Find the line with "Gambling arcades gambling a sport" in the entries below. Repeat it, every following line, and the line with "Lamborghini Huracan EVO", exactly and with nothing added.

### MATERIAL PROVIDED:
┄┄┄┄┄┄

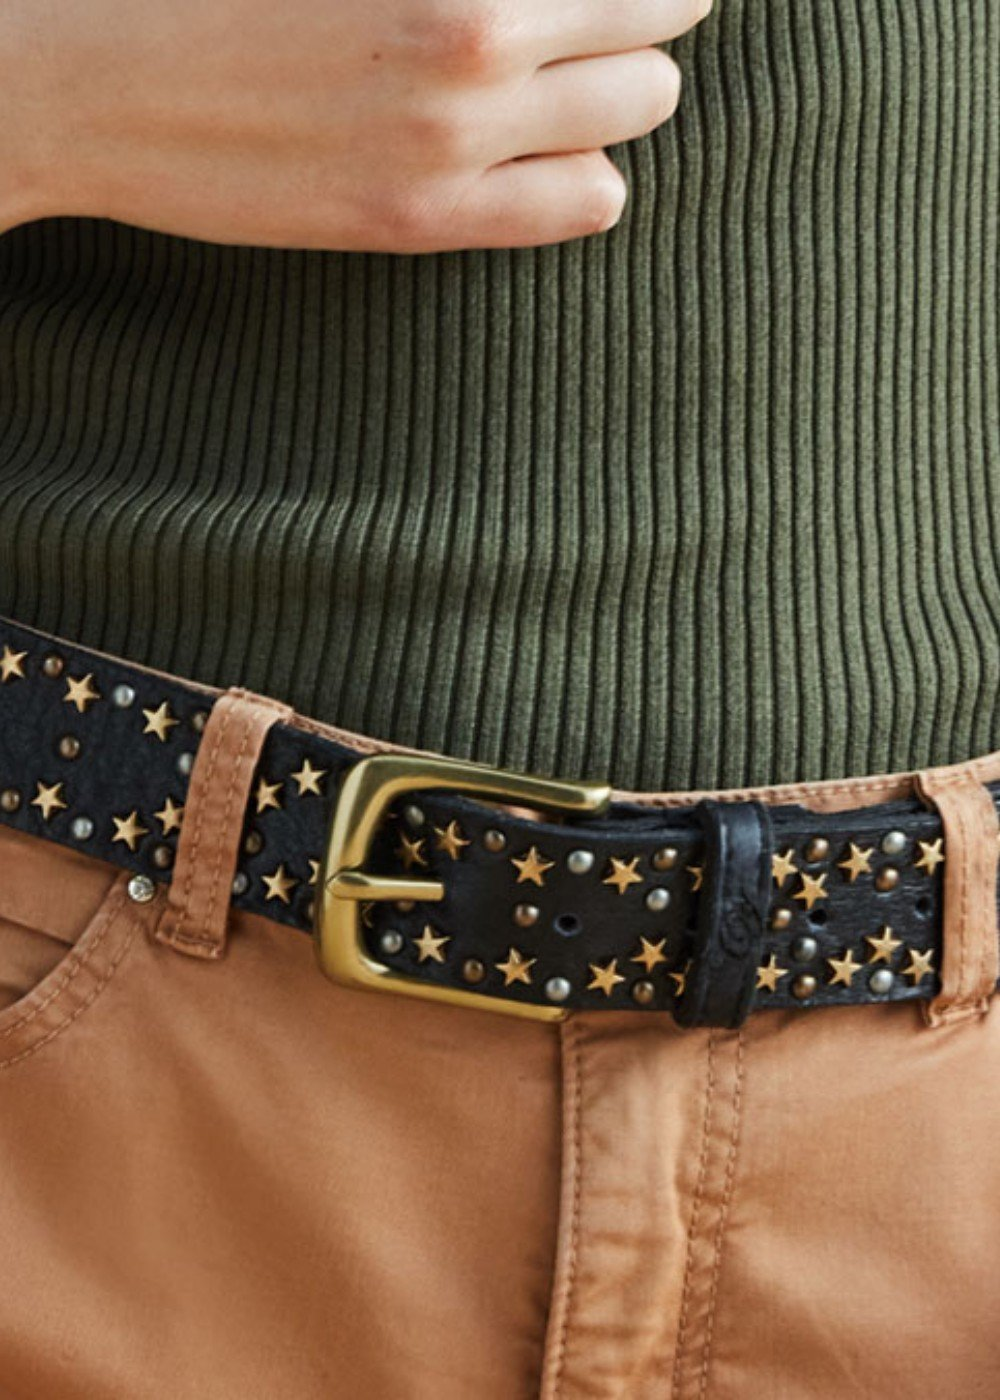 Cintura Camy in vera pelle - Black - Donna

┄┄┄┄┄┄

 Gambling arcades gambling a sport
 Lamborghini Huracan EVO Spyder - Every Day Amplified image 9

┄┄┄┄┄┄

### ANSWER TO THIS PROBLEM:
 Gambling arcades gambling a sport
 Lamborghini Huracan EVO Spyder - Every Day Amplified image 9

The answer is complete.